I.  Zasądza solidarnie od (...) spółki z ograniczoną odpowiedzialnością w R. oraz K. O. (1) na rzecz Syndyka masy upadłości (...) spółki z ograniczoną odpowiedzialnością w upadłości w W. kwotę 259.744,59 złotych (dwieście pięćdziesiąt dziewięć tysięcy siedemset czterdzieści cztery złote pięćdziesiąt dziewięć groszy) wraz z odsetkami ustawowymi za opóźnienie od dnia 1 grudnia 2015 r. do dnia zapłaty;

II.  zasądza solidarnie od (...) spółki z ograniczoną odpowiedzialnością w R. oraz K. O. (1) na rzecz Syndyka masy upadłości (...) spółki z ograniczoną odpowiedzialnością w upadłości w W. kwotę 23.805 (dwadzieścia trzy tysiące osiemset pięć) złotych tytułem zwrotu kosztów procesu, w tym kwotę 10.800 (dziesięć tysięcy osiemset) złotych tytułem zwrotu kosztów zastępstwa procesowego.

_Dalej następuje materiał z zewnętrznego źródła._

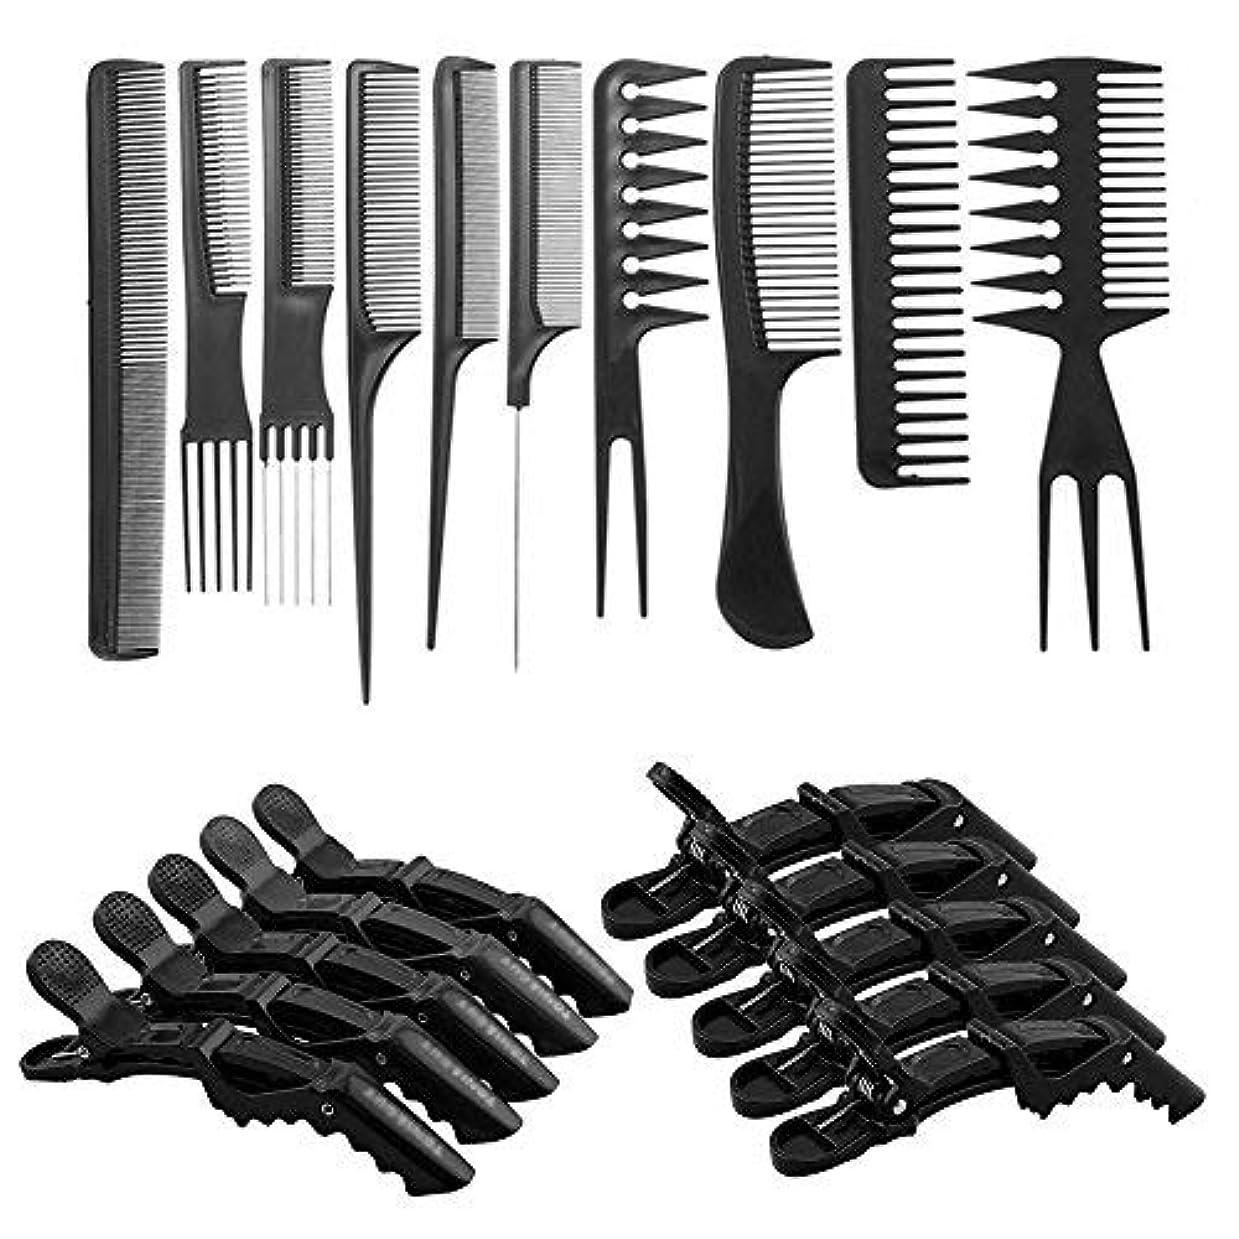 不毛空いている散歩に行く10 Pcs Professional Hair Styling Comb Set with Styling Clips [並行輸入品]

SSO Magdalena Kurc-Mazurkiewicz

Sygn. akt XX GC 275/17

UZASADNIENIE

Powód – (...) spółka z ograniczoną odpowiedzialnością w W. – w pozwie wniesionym w dniu 5 października 2016 r. zażądał zasądzenia solidarnie od pozwanych (...) spółki z ograniczoną odpowiedzialnością w R. oraz K. O. (1) kwoty 259.744,59 złotych tytułem zapłaty za zakupiony asfalt wraz z odsetkami ustawowymi od dnia 1 grudnia 2015 r. do dnia zapłaty, a także zasądzenia kosztów procesu według norm przepisanych (pozew k. 3-5).

W dniu 12 stycznia 2017 r. Sąd Okręgowy w Warszawie XX Wydział Gospodarczy wydał nakaz zapłaty w postępowaniu upominawczym – w pełni uwzględniając roszczenie powoda (nakaz zapłaty k. 40).

Sprzeciwem z dnia 17 lutego 2017 r. pozwana K. O. (1) wniosła o:

uchylenie nakazu zapłaty w postępowaniu upominawczym;

oddalenie powództwa,

zasądzenie na swoją rzecz kosztów postępowania według norm przepisanych.

Uzasadniając swoje stanowisko pozwana K. O. wskazała, że umowa z 21 maja 2015 r. nie została przez nią poręczona. Według pozwanej umowa ta jest nieważna wobec braku podpisu pozwanej na umowie, gdyż na umowie znajduje się jedynie podpis K. O. (1) – prezesa zarządu (sprzeciw k. 49-51).

Sprzeciwem z dnia 24 lutego 2017 r. pozwana (...) spółka z ograniczoną odpowiedzialnością w R. wniosła o:

uchylenie nakazu zapłaty w postępowaniu upominawczym;

oddalenie powództwa,

zasądzenie na swoją rzecz kosztów postępowania według norm przepisanych.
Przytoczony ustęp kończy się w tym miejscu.